**Task:** When you transcribe the listing that follows, keep every line exact and omit the pictures.

**Input data:**

------------

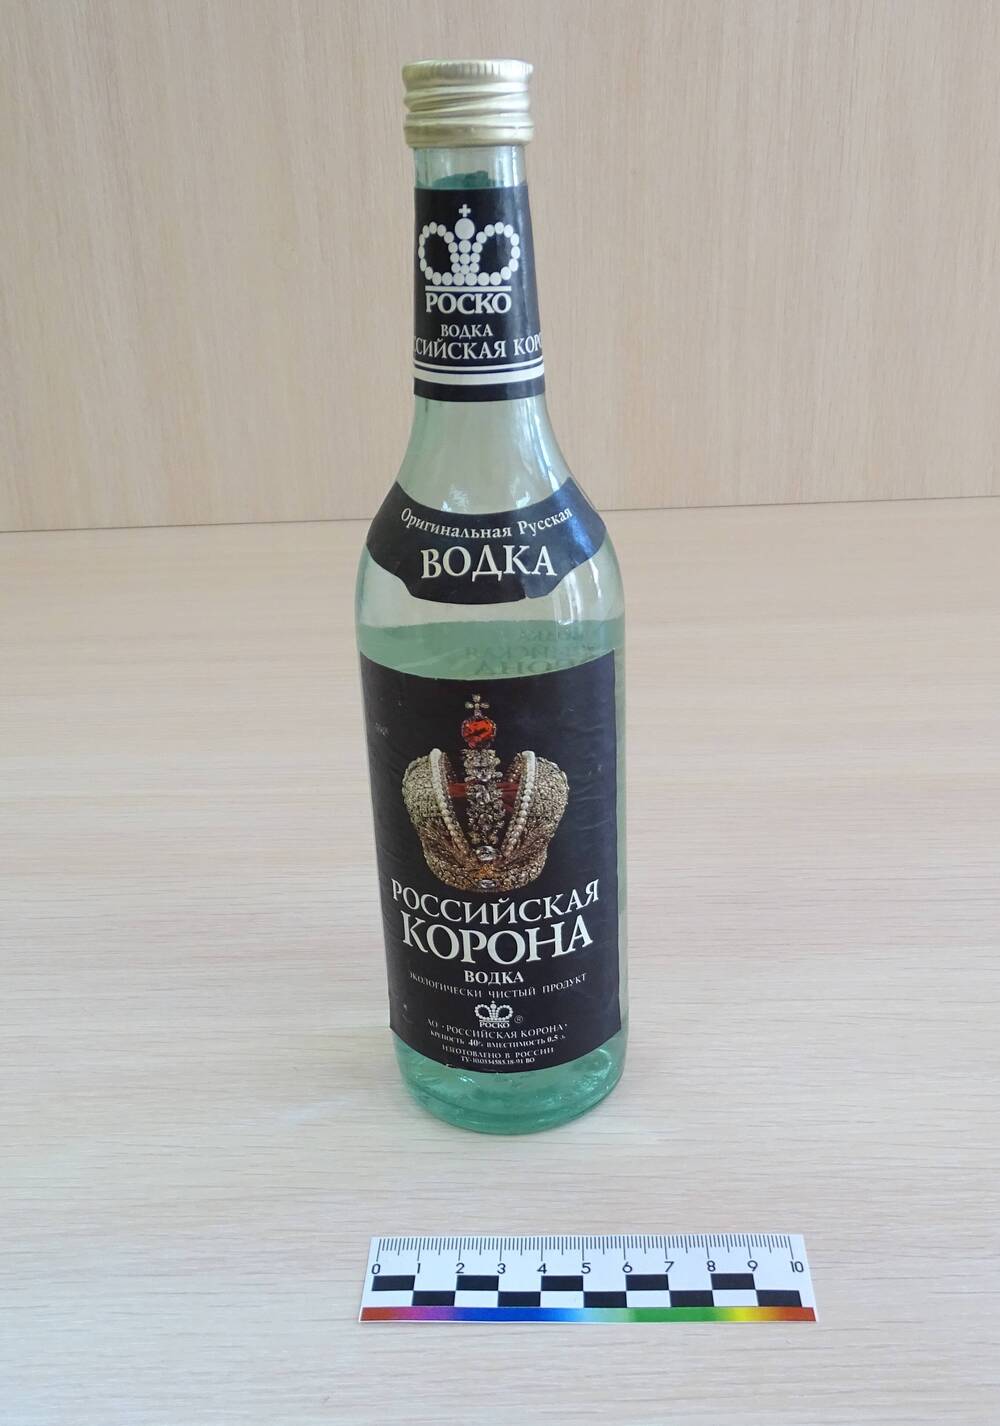 Бутылка «Российская корона» 0,5л, стекло.  АО «Роско», г. Сочи. 1992 год.
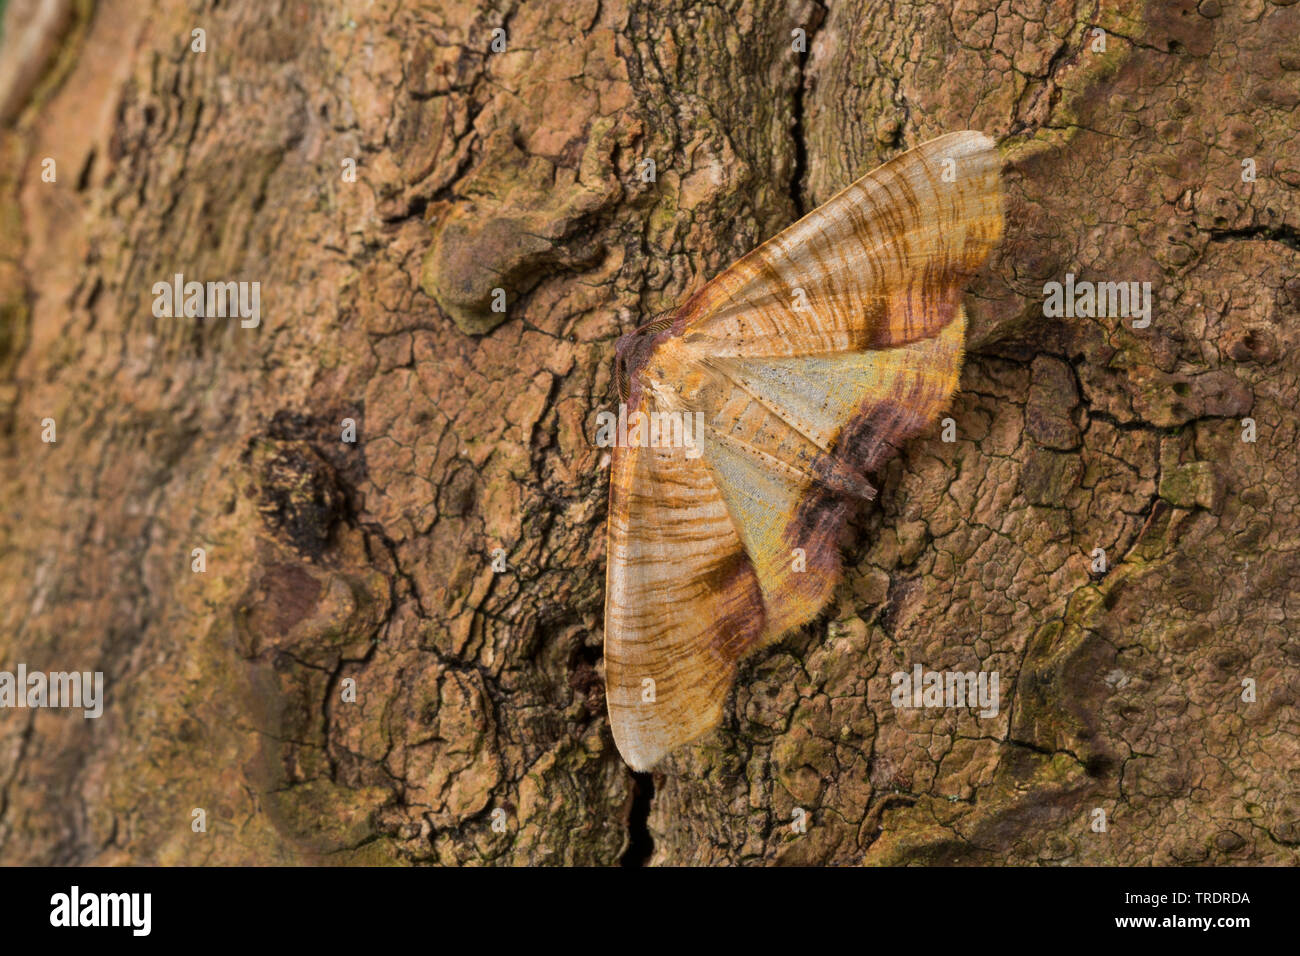 Plagodis dolabraria (aile brûlée), assis à l'écorce, vue de dessus, Allemagne Banque D'Images
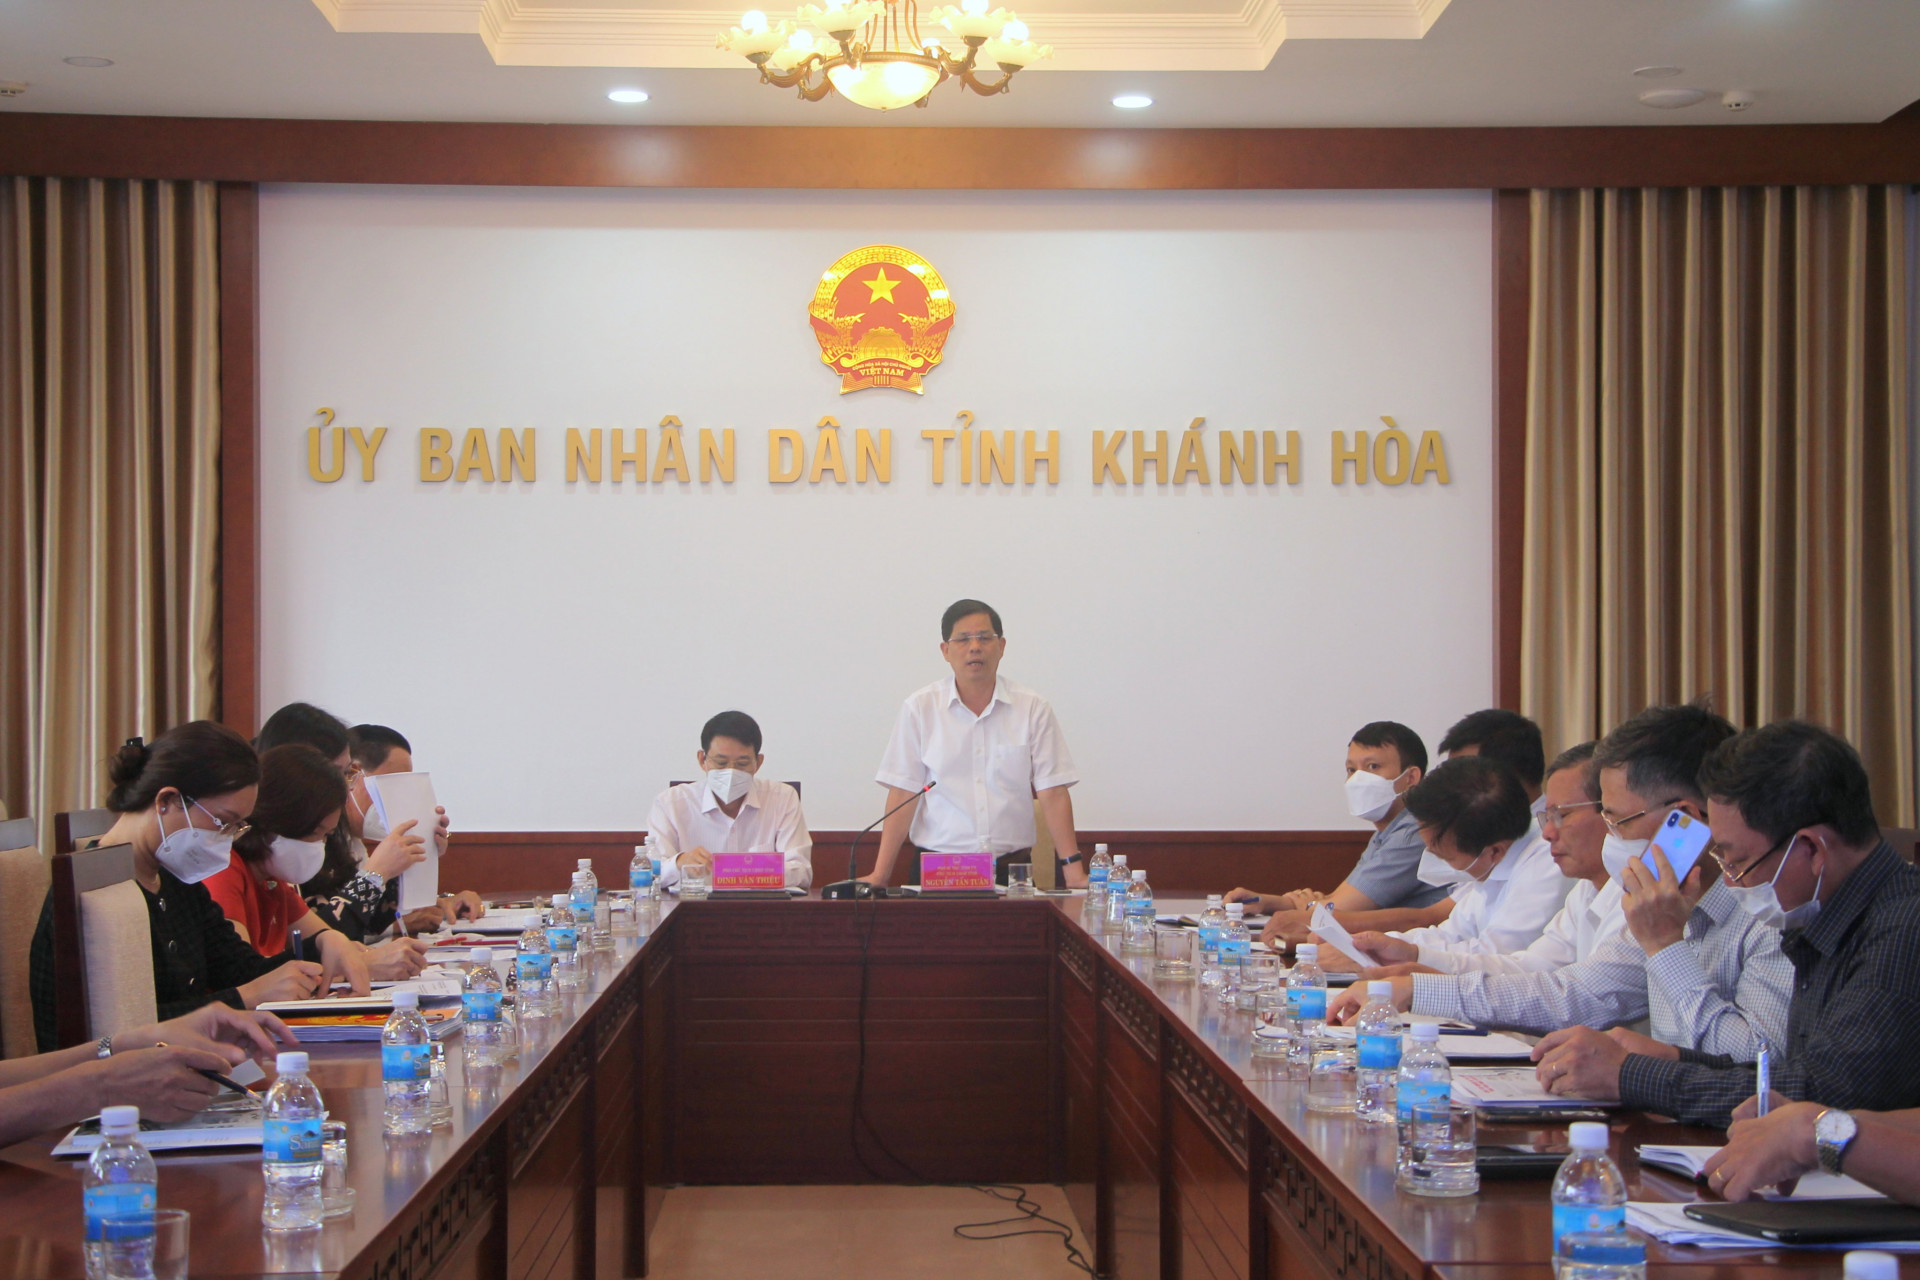 Ông Nguyễn Tấn Tuân - Phó Bí thư Tỉnh ủy, Chủ tịch UBND tỉnh phát biểu tại cuộc họp.

------------

**Solution:**
 Бутылка «Российская корона» 0,5л, стекло.  АО «Роско», г. Сочи. 1992 год.
 Plagodis dolabraria (aile brûlée), assis à l'écorce, vue de dessus, Allemagne Banque D'Images
 Ông Nguyễn Tấn Tuân - Phó Bí thư Tỉnh ủy, Chủ tịch UBND tỉnh phát biểu tại cuộc họp.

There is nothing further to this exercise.